Each turn, the coordinator gives the chosen agent one of three roles:

- **Thinker** — plan, decompose, or critique; no direct work.
- **Worker** — do the work: derive, compute, write code.
- **Verifier** — check the current answer and return `ACCEPT` or `REVISE`.

It loops, accumulating a transcript, and halts the moment a Verifier accepts (or a
fixed turn budget $K$ is exhausted):

$$
\tau \;=\; \min\{\, k \le K \;:\; R_k = \mathrm{V} \ \text{and}\ u_k = \mathrm{ACCEPT} \,\}
$$

where $R_k$ is the role at turn $k$ and $u_k$ is the verifier's verdict. Step through
one problem — watch a wrong answer get caught and revised before it's accepted:

<TrinityLoop />

### Trained by evolution, not gradients

Why not just RL the head? Because the reward is binary — the final answer is right or
wrong — and the head is tiny, so the per-parameter gradient signal is buried in
noise. TRINITY instead optimizes the coordinator with a *derivative-free* evolution
strategy, maximizing expected terminal reward:

$$
J(\theta) \;=\; \mathbb{E}_{\tau \sim \pi_\theta}\big[\, R(\tau) \,\big],
\qquad R(\tau) \in \{0, 1\}
$$

The optimizer is separable CMA-ES: it keeps a diagonal Gaussian over the ~10K
parameters, samples a small population each generation —
$\lambda = \lceil 4 + 3\ln n \rceil \approx 32$ for $n \approx 10{,}000$ — evaluates
each candidate's fitness by actually running rollouts, and shifts the distribution
toward the winners. The paper shows the coordination objective is nearly
block-separable, which is exactly the regime where a diagonal evolution strategy
beats both random search and gradient RL under a tight evaluation budget. The honest
cost: no gradients means you pay in *environment evaluations*, and each one is a full
multi-turn rollout against real model APIs.

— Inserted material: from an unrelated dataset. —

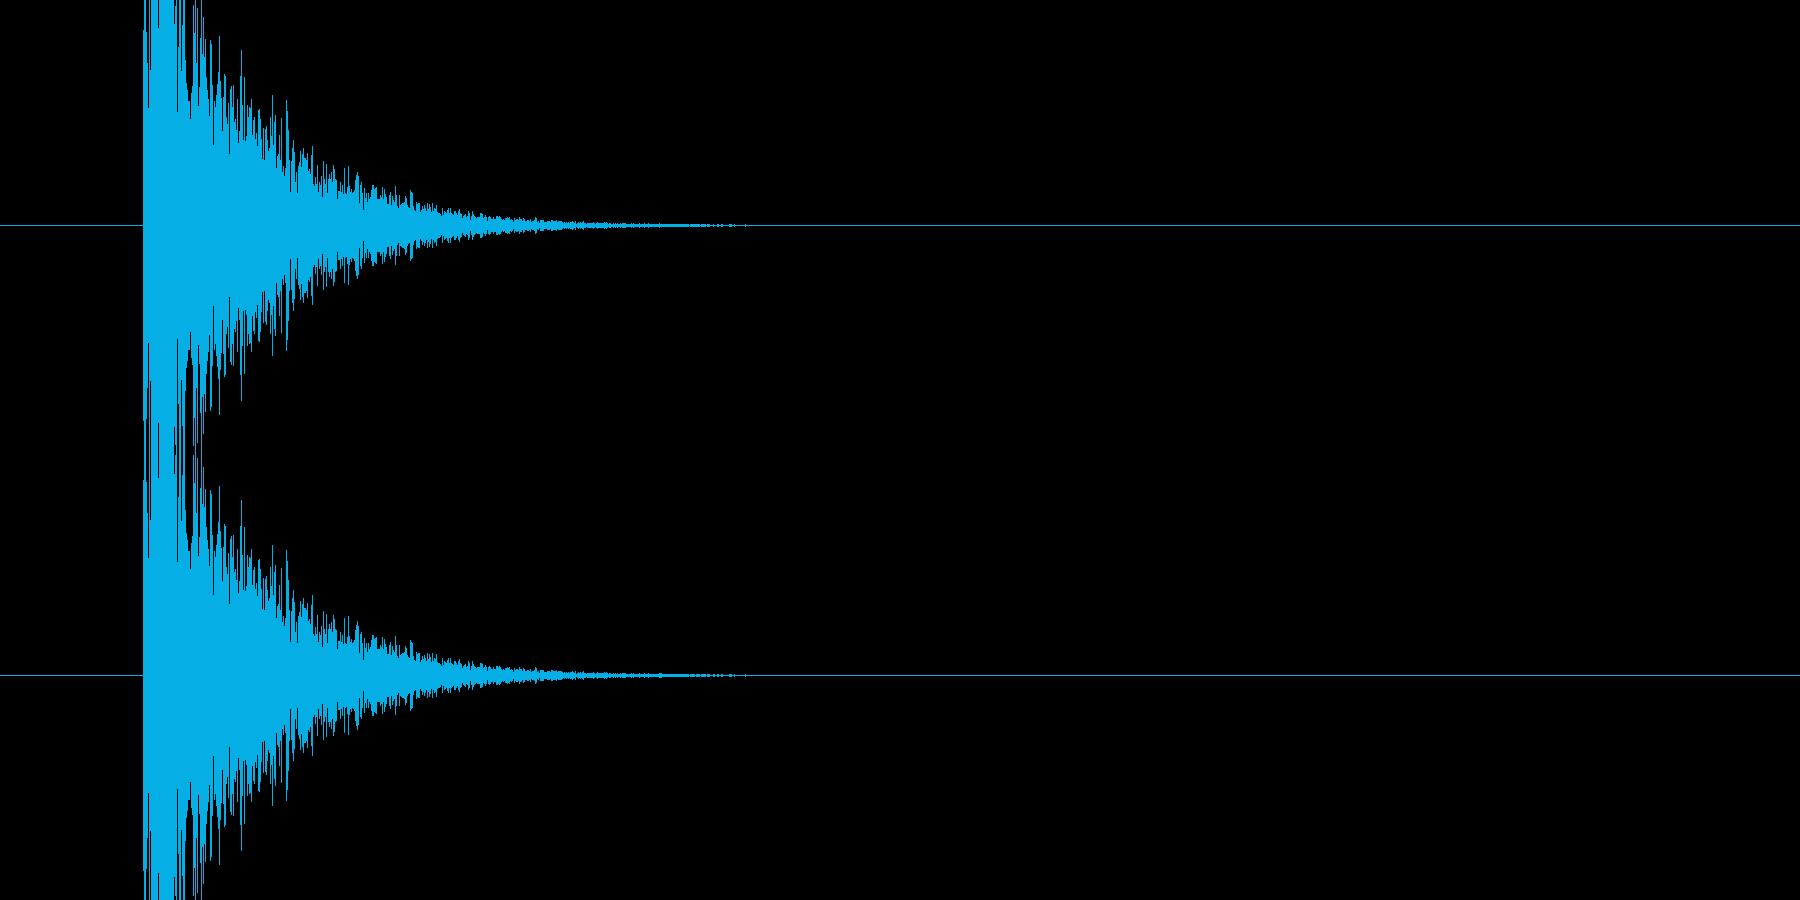 パンッ!という銃声、破裂音に使える音01の再生済みの波形

### It beats every model in its pool

This is the result that matters. Transferred zero-shot to four held-out tasks, the
evolved coordinator outscored every individual model in its pool — including GPT-5,
Gemini-2.5-Pro, and Claude-4-Sonnet. On LiveCodeBench it set a record at the time of
submission:

<BenchBars
  title="LiveCodeBench v6 — pass@1 (%)"
  unit=""
  bars={[
    { label: "TRINITY", value: 86.2, highlight: true },
    { label: "GPT-5", value: 83.8 },
    { label: "Gemini-2.5-Pro", value: 67.2 },
    { label: "Claude-4-Sonnet", value: 46.5 },
  ]}
/>

And the multi-turn loop earns its keep: accuracy climbs from 0.823 at two turns to
0.863 at six. One cheap evolved head, a frozen pool, and the ensemble beats its best
member.

<Figure
  src="/articles/sakana-fugu/trinity-livecodebench.png"
  alt="TRINITY's LiveCodeBench result and its accuracy rising with the turn budget."
  caption="TRINITY's own result: on LiveCodeBench it reaches 0.862 pass@1, above GPT-5 (0.838), Gemini-2.5-Pro (0.672), and Claude-4-Sonnet (0.465) — and accuracy keeps climbing with the turn budget (bottom)."
/>

## Conductor: orchestration written in natural language

The Conductor attacks the same problem with a bigger hammer: a 7B model (Qwen2.5-7B)
trained with RL to *write the entire workflow itself*, in natural language.

### Three lists are a workflow

For each problem the Conductor emits three synchronized lists:

- `model_id` — which agent runs each step.
- `subtasks` — a natural-language instruction for each step.
- `access_list` — which earlier outputs each step is allowed to read.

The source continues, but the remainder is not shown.